Saturday, October 3, 2015

FIVE Questions with Cindy Koepp!!!!!!

- What has inspired your writing?
My inspiration comes from all kinds of wild places. Sometimes, I'm watching a movie or reading a book and think, hmm... What if ___ happened instead? Sometimes the events in my life lead to story ideas. Sometimes, the idea just sort of shows up in the mental voicemail box with no hint of the sender or forwarding information.


-Do you have any pets? If so what?
I currently have an African Grey named Masika. She is a rescue baby, and I'm owner #4. We (me and Owner #3) think she's about 30ish years old, but no one is entirely sure how long she was in her original, not-friendly-to-living-creatures situation, so that's just a rough guess. Masika is very nervous around people and other critters. Getting her to trust me enough to step onto the back of my hand took 5 years, and now, 2 years later, she will actually let me move with her on my hand if I go slowly and don't go too far.
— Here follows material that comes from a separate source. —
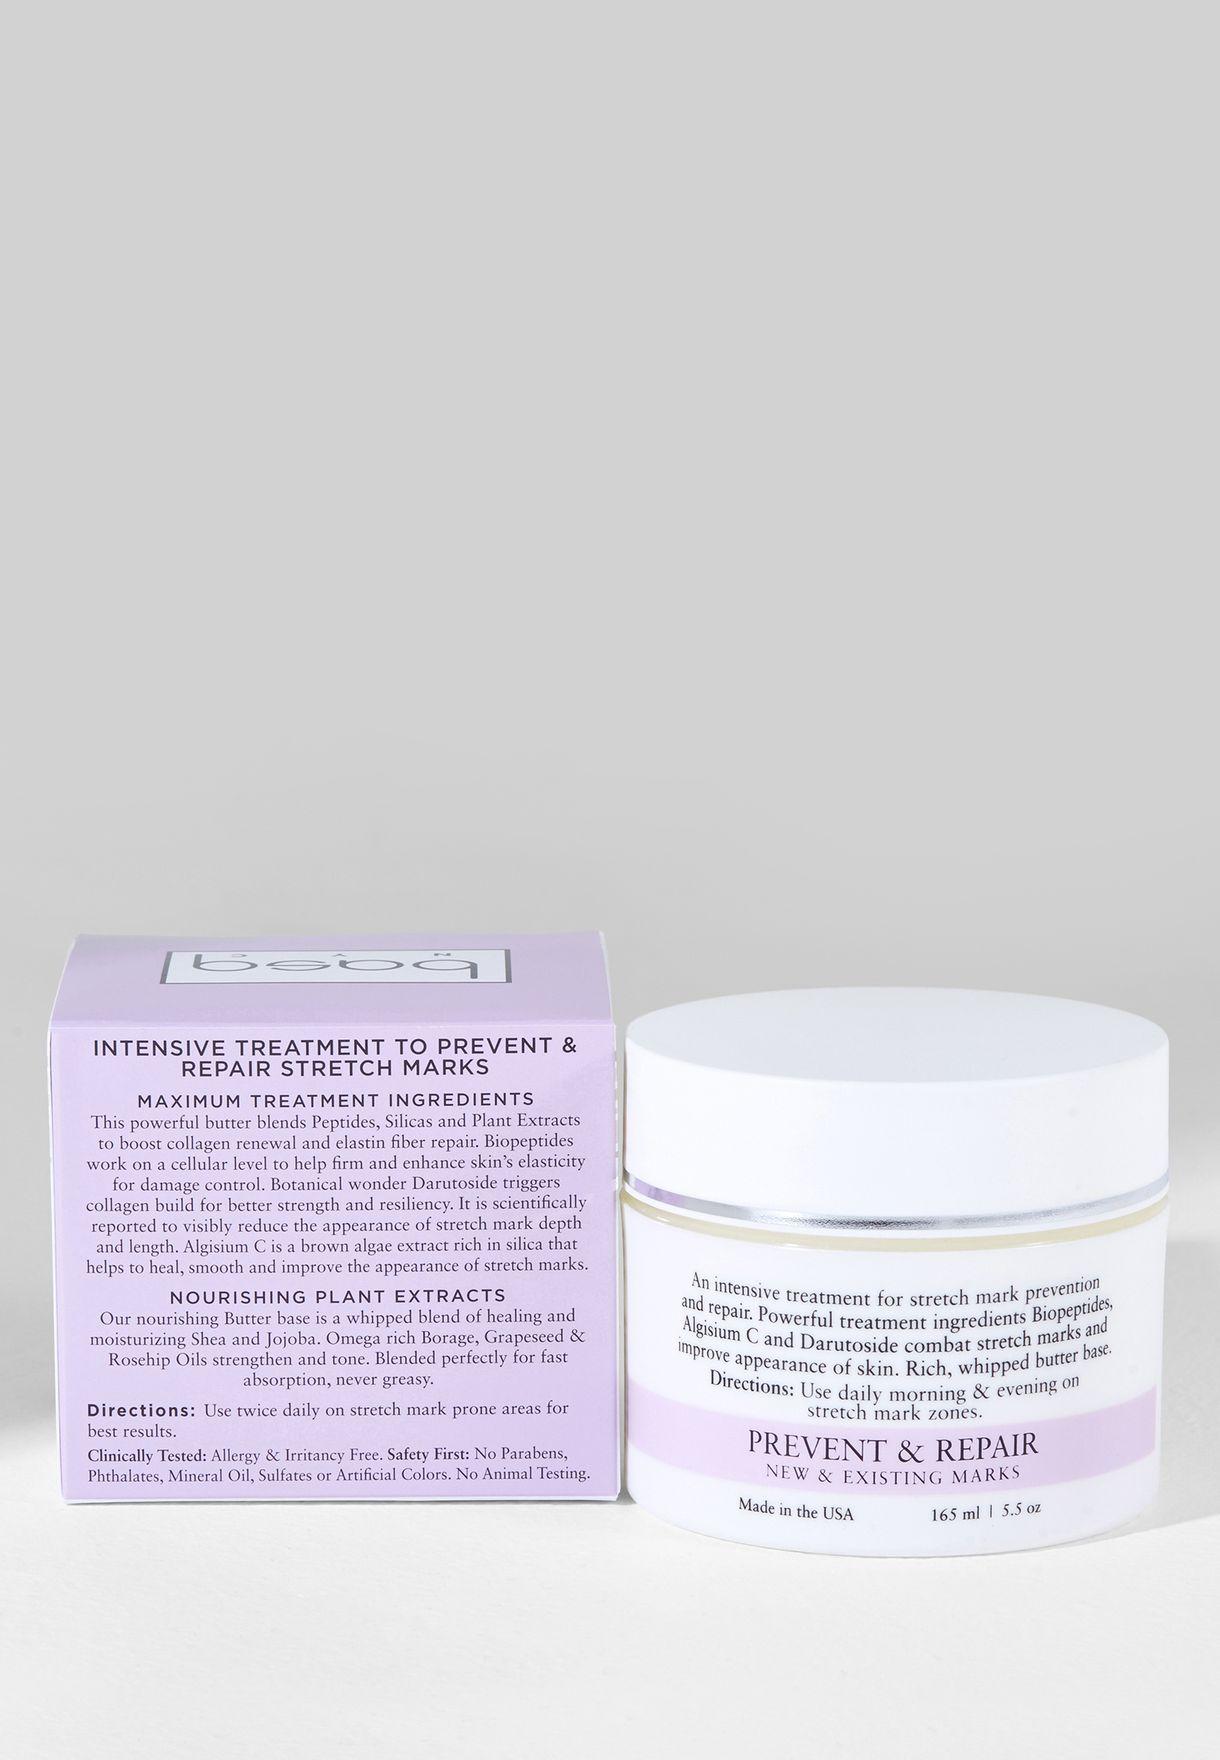 زبدة لعلاج مكثف لعلامات تمدد الجلد

Although African Greys are known for the phenomenal talking ability, she is not fond of talking. She has a few phrases she's really good at like "Hello!" in about four different voices including a couple different pitches of a near-Cockney accent ("'Allo! 'I there!'). For the most part, though, she is a sound effect machine. I've tried teaching her specific sounds and phrases, but if she's not interested, she won't repeat them. Sometimes she learns sounds I'd've rather she'd taken a miss on.

For example, one summer, the batteries in my smoke alarms decided to go out. Naturally, this happened at 3 in the morning on 2 different nights because they couldn't both go out at once during daylight hours. I think that's a corollary to Murphy's Law or something. A couple days later, I heard "BEEEP... BEEEP... BEEEP!" spaced out about a minute or two between beeps. I thought it was another alarm losing its battery, but as I wondered around the house trying to figure out which was the offending alarm, I tracked the beep to the bird. She continued that beep now and then.

My folks were here one day and the bird started her BEEEP... BEEEP routine. Pa came into the bird's room, where I was doing school work, and asked if I knew which alarm was going off. I pointed to Masika. Right then, she cut loose with another BEEEP. Pa rolled his eyes and went back to the living room to watch TV.

Fortunately, she doesn't do that too often these days.


-How did you get started as an author?
I don't remember, actually. My mother has a pile of short stories I wrote when I was in school, but I don't have clear memories for anything that happened before I was 12. Really, I don't think I was there. (There is a reason, but it's not very interesting, so I'll avoid boring you with the details).

When I was a teenager, I wrote (really bad) fanfic based on the comic books my friends and I read. Toward the end of high school, I decided to try my hand and writing up my own brilliant ideas. The first few were some of the better fanfic tales reworked to remove the references to the comics. Eventually, though, I started doing original ideas. The first of those was a set of short stories inspired by a GURPS Space RPG some pals and I played through. Those stories -- after many, many mutations -- became my first published novel, Remnant in the Stars.


-What are your musical tastes? Do you write to music?
I listen to a variety of different musical groups, but it really is group-specific, rather than by genre. I listen to Kansas, Yes, Thousand Foot Krutch, Pillar, Red, Mozart, Ravel, Mussorgsky, Apologetix, Weird Al, and a few others.

Most of my music-listening is in the car or when I'm doing something around the house that would benefit from a little extra noise but no specific focus. I require no noise when I write. Well, you never have complete quiet when you have a parrot, but as close as I can get will do.

-Name your Top 5 Favorite Movies.
OOOoooo... There are so many!
Let's see. In no particular order...
1. Star Wars (all 6 of them ... Yes, including the more recent trilogy, which I like better than the original trilogy).
2. X-Men: First Class
3. The Princess Bride
4. Ladyhawke
5. Agatha Christie: Poirot (with David Suchet, pretty much all the ones I've seen).